# Task prompt
An exact reproduction of the data below is expected, free of images.
*** Opening Dataset content ***
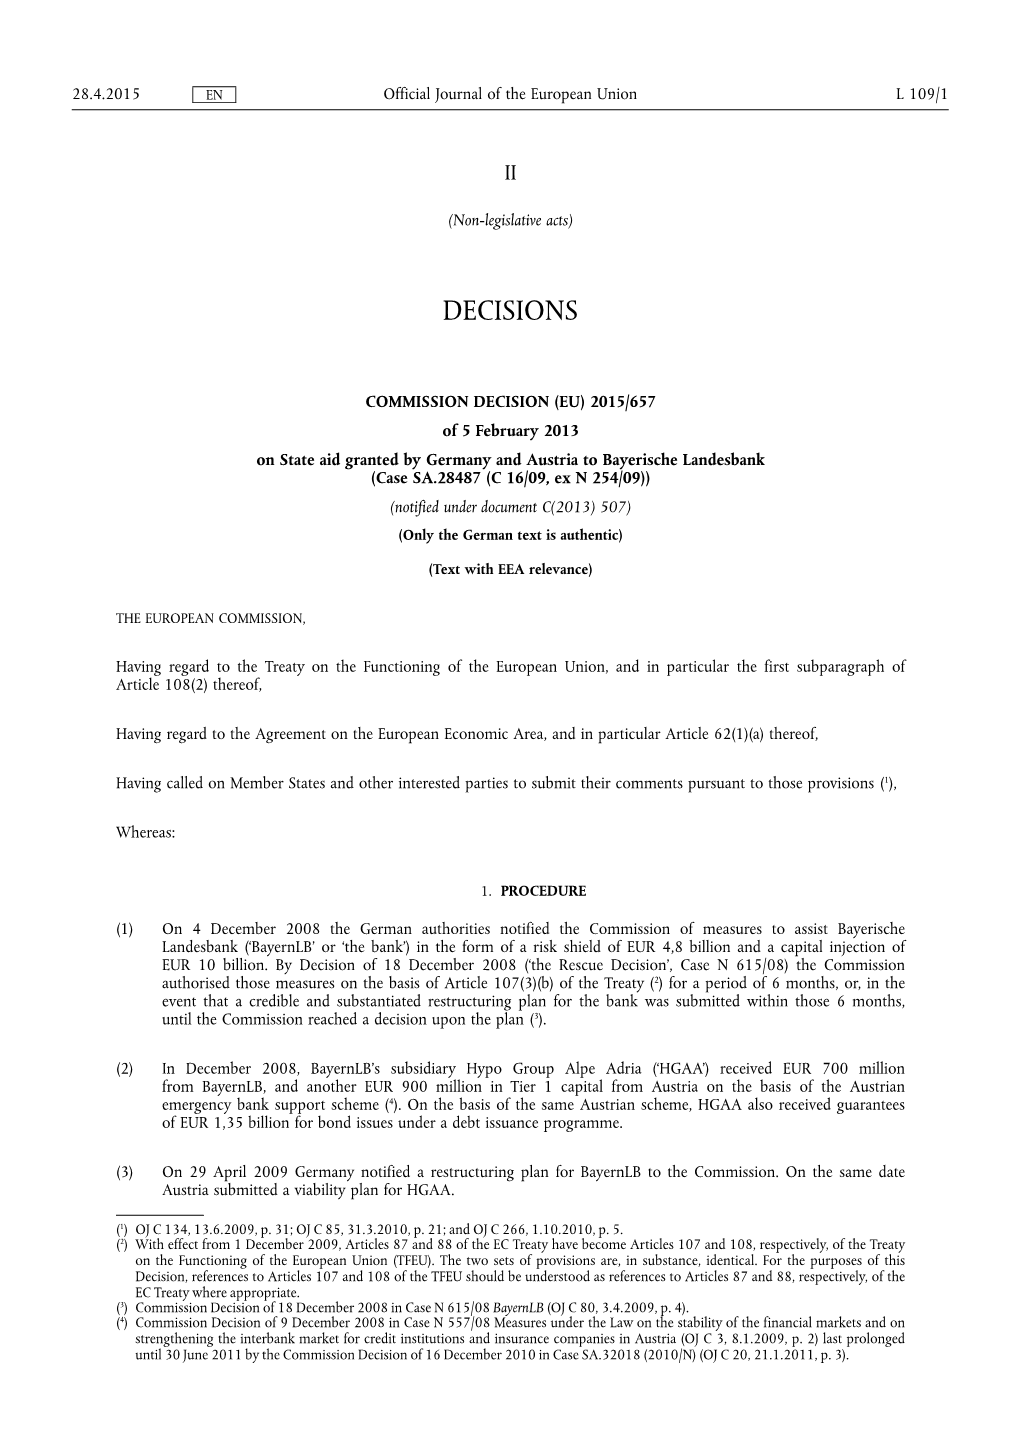 Commission Decision (Eu) 2015
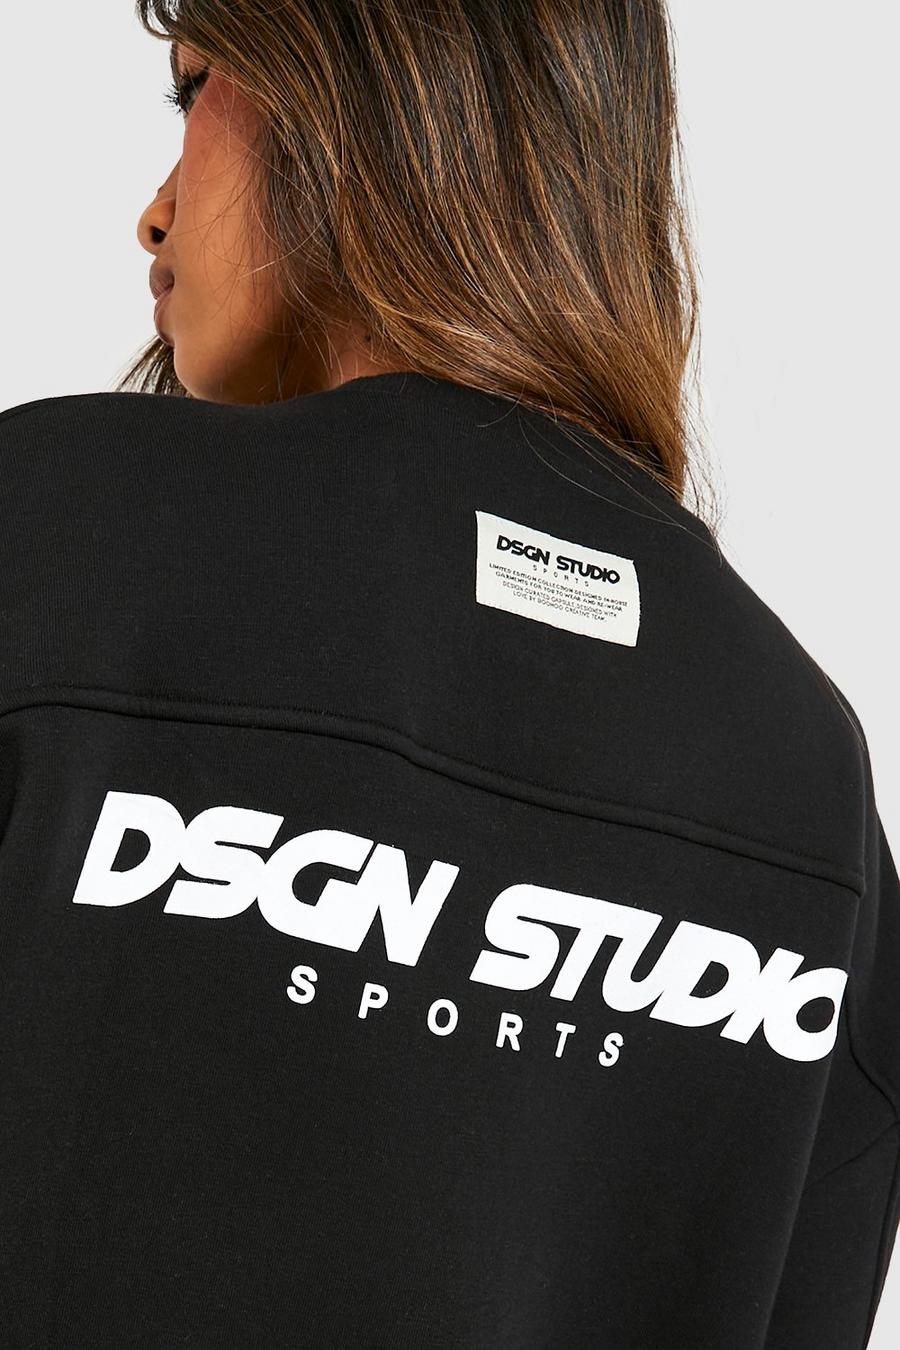 Oversize Sweatshirt mit Dsgn Studio Slogan, Black schwarz image number 1
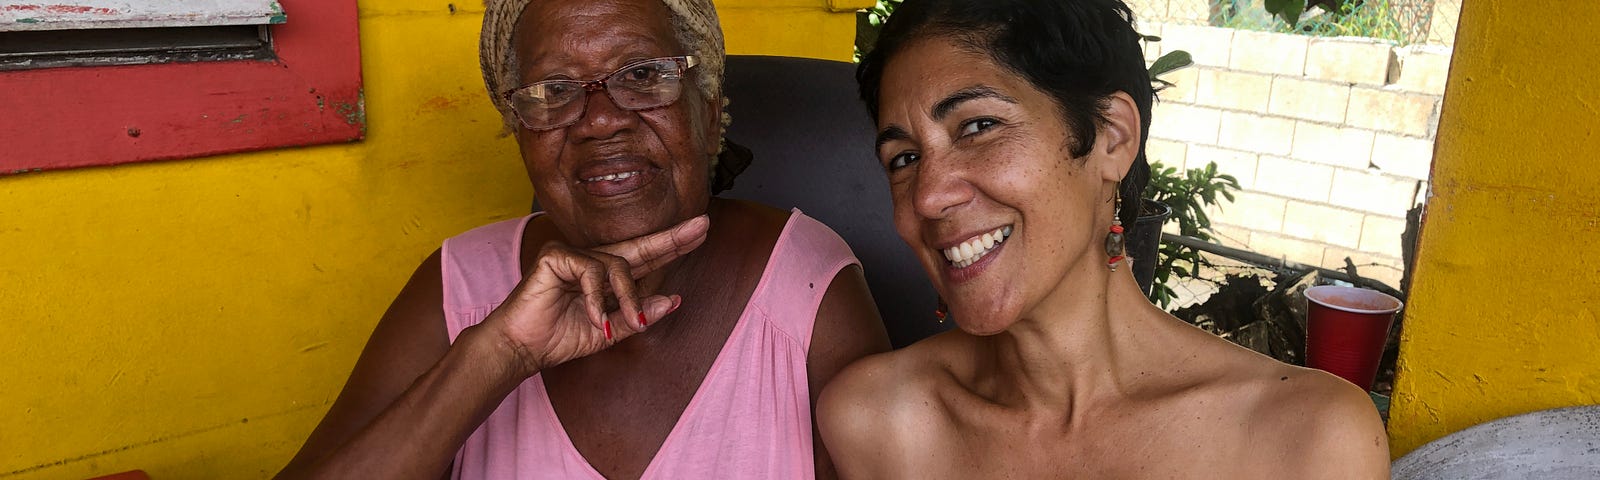 Loíza, Puerto Rico, Puerto Rican Bomba Icon Raquel Ayala, Cultural Journalist Lola Rosario Aponte, beautiful Afro-Boricua women
*** Closing Dataset content ***
# Answer for the task
 Commission Decision (Eu) 2015
 Oversize Sweatshirt mit Dsgn Studio Slogan, Black schwarz image number 1
 Loíza, Puerto Rico, Puerto Rican Bomba Icon Raquel Ayala, Cultural Journalist Lola Rosario Aponte, beautiful Afro-Boricua women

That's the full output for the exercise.